Şu fotoğrafa bir bakın...
Paris...
O ünlü Eyfel Kulesi...
Aşkın neredeyse evrensel hale gelmiş sembolü...
Bir çift...
Aşkla öpüyor adam...
Sevgiyle sarılıyor...
Sarıldığı kadın, o anı ölümsüzleştirmek için fotoğrafını çekiyor...
Ölümsüzleştirmek!
Ölmüyor zaten Piyade Üsteğmen Oğuz Kaan Usta... Türk Milleti'nin şehidi olup, ölümsüzleşiyor...
Zeytin Dalı Harekatı'nda, Piyade Astsubay Üstçavuş Musa Özalkan'dan sonra ikinci şehidimiz...
***
Bu terör belasından kurtulmak için yıllardır verdiğimiz savaşta gerçekleştirilen en büyük hamlelerden biri harekat...
Biz, böyle acı fotoğraflara defalarca baktık... Defalarca gözyaşı döktük...
Pek çok eş, sevgili, çocuk, anne, baba, kardeş ve milletine aşkla bağlı olanlar, şehit acısını yüreğinin her bir zerresinde hissetti... Ama kazınmak bilmedi kökleri...
Sona ermedi hainlikleri...
***
Bazen bir yılbaşı gecesi, yeni yılı beklerken çıktılar bu milletin karşısına...
Bazen bir maçta, en neşeli tezahüratların arasına daldılar...
Bazen bir otobüs yolculuğunda patlattılar bombalarını...
Bazen bir havalimanını taradılar...
Bazen AVM'leri ateşe verdiler...
***
Bazen, İzmir Adliyesi'nde olduğu gibi, hiç beklenmedik bir anda yapılan saldırıda kahramanca kendini feda eden Şehit Polis Fethi Sekin'lerimiz oldu bizim...
Bazen de, düşmanın alnının ortasına kurşun sıkmak, mağaralarını yerle bir etmek için bir harekata katılan şehitlerimiz oldu...
***
İşte, Piyade Üsteğmen Oğuz Kaan Usta ile Piyade Astsubay Üstçavuş Musa Özalkan, Türk Milleti için şehit olmayı göze alarak çıkmışlardı o harekat yoluna...
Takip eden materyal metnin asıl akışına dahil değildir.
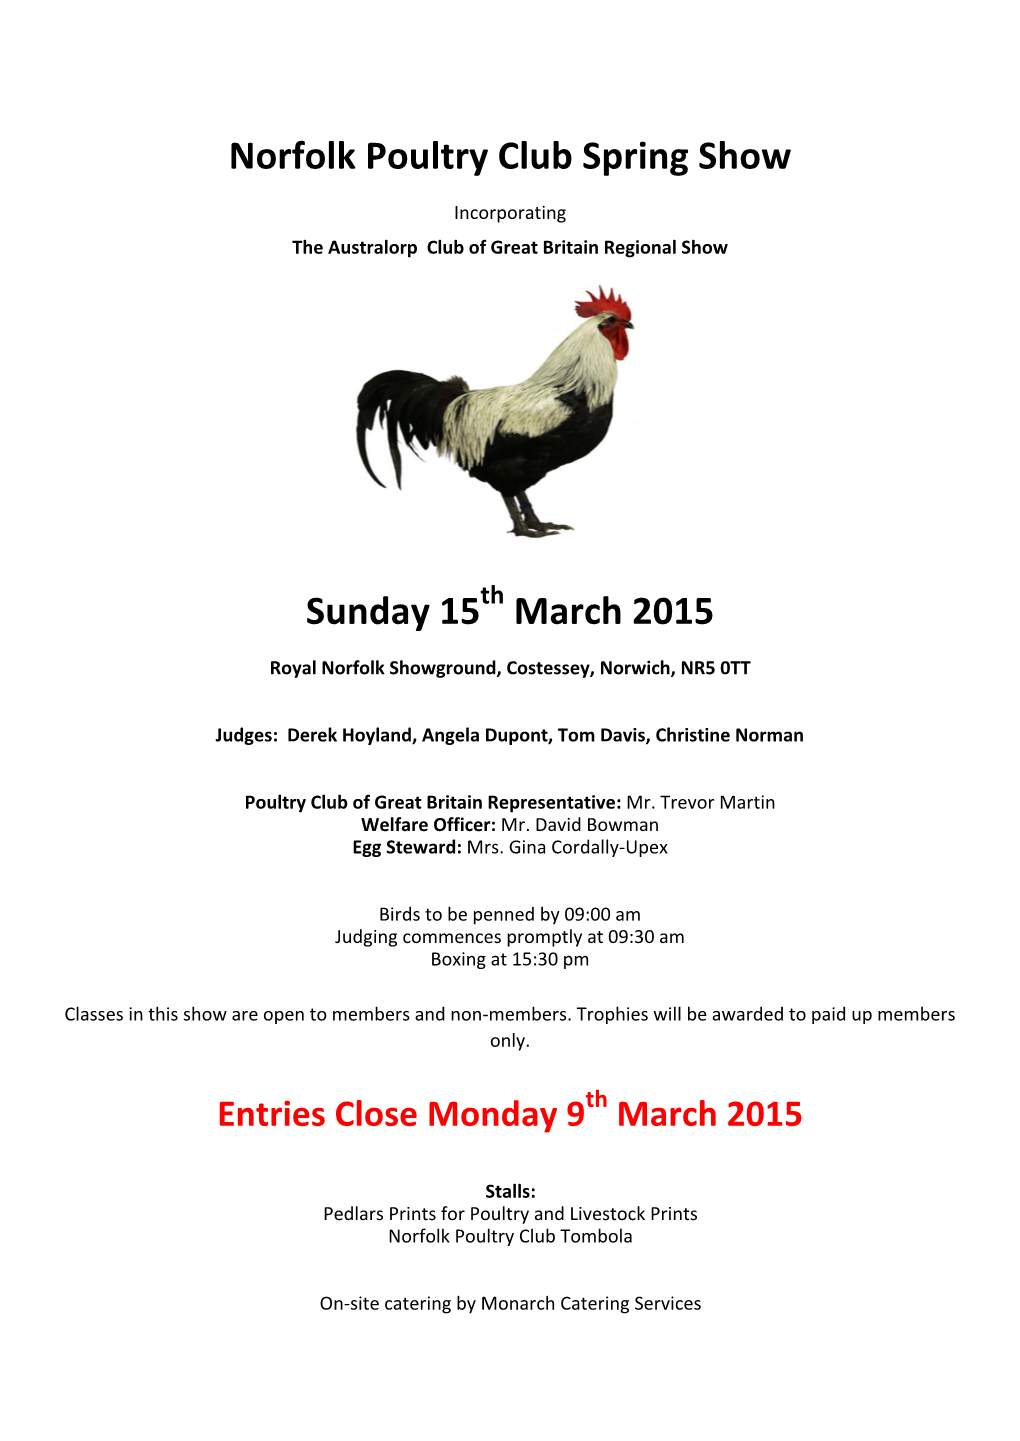 Sunday 15 March 2015 Norfolk Poultry Club Spring Show

O kadar göze almışlardı ki, Astsubay Üstçavuş Özalkan ardında bir vasiyet bırakmıştı... Şehit olunca devletin ailesine vereceği parayla, Telafer'deki çocuklar için anaokulu, kreş veya kültür merkezi yapılıp adının verilmesini vasiyet etmişti...
***
Türk askerinin farkı budur işte...
Şanlı ordumuzun farkı bu...
Kendisinden, hatta ailesinden bile daha çok "vatanını" düşünür Türk askeri...
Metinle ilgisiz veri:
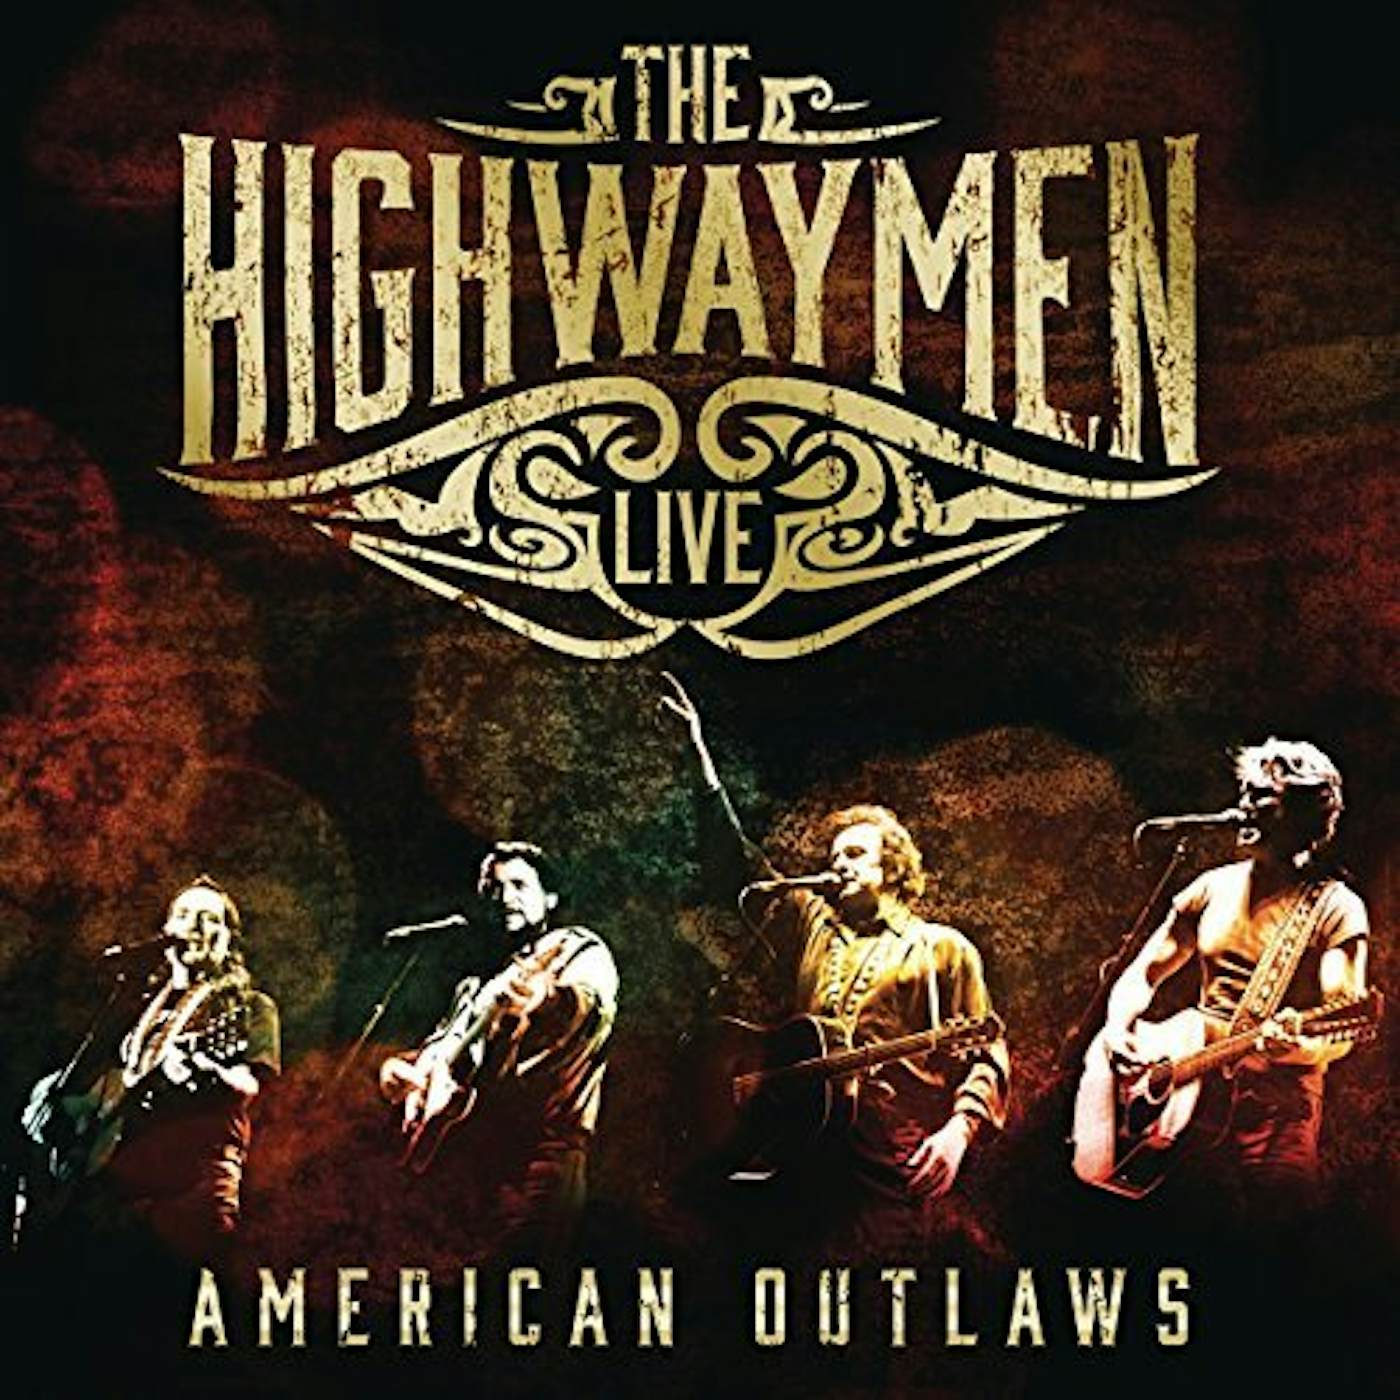 The Highwaymen Live: American Outlaws (3CD/DVD) Box Set

Onlar önce vatanını kurtarır...
***
Madem öyle...
Onların yazmadığı vasiyetleri de biz yerine getireceğiz...
Çünkü onlar bize emanetler bıraktılar...
Evliydi ikisi de...
İkisinin de canı kadar sevdiği kızı vardı...
Küçük iki kız çocuğu babasız kaldı...
İki genç kadın, sevdiği erkeği kaybetti...
***
Bakın fotoğraflara bir daha...
Bazen vasiyet yazmak gerekmez değil mi?
Küçük kızların, baba sevgisini veremeyiz ama, bu milletin her ferdinin onların yanında olduğunu hissettirebiliriz...
O çocukların babası senin, benim, bizim için şehit olduysa eğer, sevdikleri emanetimizdir!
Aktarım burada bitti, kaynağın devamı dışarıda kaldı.